Records for the task
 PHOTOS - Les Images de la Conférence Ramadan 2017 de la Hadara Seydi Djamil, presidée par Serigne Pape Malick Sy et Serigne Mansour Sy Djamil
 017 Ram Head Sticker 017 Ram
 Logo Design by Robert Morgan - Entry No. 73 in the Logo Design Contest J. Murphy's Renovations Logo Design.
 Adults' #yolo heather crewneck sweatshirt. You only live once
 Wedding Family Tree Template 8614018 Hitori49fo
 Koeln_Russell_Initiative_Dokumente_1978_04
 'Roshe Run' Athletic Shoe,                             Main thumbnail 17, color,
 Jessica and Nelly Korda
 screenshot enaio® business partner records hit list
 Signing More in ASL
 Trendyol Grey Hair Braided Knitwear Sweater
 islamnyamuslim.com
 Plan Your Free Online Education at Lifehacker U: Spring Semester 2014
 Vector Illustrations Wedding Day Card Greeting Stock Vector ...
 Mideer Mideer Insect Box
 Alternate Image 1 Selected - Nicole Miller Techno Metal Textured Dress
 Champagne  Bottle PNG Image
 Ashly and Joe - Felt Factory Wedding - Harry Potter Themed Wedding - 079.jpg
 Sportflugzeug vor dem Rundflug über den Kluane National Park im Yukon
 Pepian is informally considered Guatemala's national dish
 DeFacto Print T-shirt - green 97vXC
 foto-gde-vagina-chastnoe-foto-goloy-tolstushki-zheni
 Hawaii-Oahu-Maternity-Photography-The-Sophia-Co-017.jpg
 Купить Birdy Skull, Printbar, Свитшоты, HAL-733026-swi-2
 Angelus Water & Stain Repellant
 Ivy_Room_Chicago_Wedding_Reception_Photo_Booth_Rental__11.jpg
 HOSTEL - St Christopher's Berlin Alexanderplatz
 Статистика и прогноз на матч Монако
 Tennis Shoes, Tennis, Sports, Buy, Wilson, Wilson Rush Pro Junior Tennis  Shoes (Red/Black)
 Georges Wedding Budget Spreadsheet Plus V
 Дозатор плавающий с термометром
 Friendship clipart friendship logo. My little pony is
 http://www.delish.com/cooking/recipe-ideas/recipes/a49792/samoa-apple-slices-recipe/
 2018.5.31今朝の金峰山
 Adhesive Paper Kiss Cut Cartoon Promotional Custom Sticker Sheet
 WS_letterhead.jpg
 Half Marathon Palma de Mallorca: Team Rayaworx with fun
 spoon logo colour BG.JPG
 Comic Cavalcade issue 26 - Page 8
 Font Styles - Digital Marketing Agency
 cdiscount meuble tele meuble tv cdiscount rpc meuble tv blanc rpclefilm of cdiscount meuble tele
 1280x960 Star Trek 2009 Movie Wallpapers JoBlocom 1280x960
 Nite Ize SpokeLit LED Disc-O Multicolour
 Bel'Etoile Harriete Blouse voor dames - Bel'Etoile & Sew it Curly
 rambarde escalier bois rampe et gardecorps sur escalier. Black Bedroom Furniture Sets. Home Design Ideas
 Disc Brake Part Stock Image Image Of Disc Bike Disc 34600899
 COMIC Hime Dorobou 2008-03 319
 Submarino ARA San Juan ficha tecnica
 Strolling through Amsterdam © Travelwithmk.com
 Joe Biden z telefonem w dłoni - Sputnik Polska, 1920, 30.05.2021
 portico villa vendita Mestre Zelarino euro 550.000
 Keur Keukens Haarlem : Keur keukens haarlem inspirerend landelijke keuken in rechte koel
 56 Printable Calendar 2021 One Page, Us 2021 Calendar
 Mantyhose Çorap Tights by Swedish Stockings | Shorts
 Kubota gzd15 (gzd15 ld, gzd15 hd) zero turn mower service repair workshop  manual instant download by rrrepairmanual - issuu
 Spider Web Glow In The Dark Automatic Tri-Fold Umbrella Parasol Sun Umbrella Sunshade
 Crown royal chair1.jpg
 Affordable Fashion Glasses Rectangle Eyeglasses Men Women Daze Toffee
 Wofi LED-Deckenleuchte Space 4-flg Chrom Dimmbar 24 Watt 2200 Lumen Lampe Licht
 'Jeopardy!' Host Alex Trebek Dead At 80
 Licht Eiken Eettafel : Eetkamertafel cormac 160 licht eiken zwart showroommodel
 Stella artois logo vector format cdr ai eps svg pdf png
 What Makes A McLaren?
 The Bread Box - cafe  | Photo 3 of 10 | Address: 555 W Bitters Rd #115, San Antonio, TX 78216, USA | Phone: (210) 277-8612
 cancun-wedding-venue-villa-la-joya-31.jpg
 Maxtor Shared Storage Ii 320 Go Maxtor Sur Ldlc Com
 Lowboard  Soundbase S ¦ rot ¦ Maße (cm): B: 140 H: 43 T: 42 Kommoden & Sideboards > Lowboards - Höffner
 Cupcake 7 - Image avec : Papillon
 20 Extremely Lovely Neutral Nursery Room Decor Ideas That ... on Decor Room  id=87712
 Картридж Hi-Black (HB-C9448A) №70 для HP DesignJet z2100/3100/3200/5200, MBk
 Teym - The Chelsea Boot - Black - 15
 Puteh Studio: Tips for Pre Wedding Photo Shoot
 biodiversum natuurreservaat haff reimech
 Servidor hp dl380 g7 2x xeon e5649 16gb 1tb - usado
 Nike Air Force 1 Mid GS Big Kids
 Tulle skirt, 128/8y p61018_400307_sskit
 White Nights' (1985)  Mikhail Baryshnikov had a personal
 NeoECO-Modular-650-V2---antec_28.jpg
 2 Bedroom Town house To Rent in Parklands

What this task involves
Return the span of lines in the data above that opens at the line with "Mideer Mideer Insect Box" and closes at the line with "Pepian is informally", exactly, ends included, nothing else.

Task solution
 Mideer Mideer Insect Box
 Alternate Image 1 Selected - Nicole Miller Techno Metal Textured Dress
 Champagne  Bottle PNG Image
 Ashly and Joe - Felt Factory Wedding - Harry Potter Themed Wedding - 079.jpg
 Sportflugzeug vor dem Rundflug über den Kluane National Park im Yukon
 Pepian is informally considered Guatemala's national dish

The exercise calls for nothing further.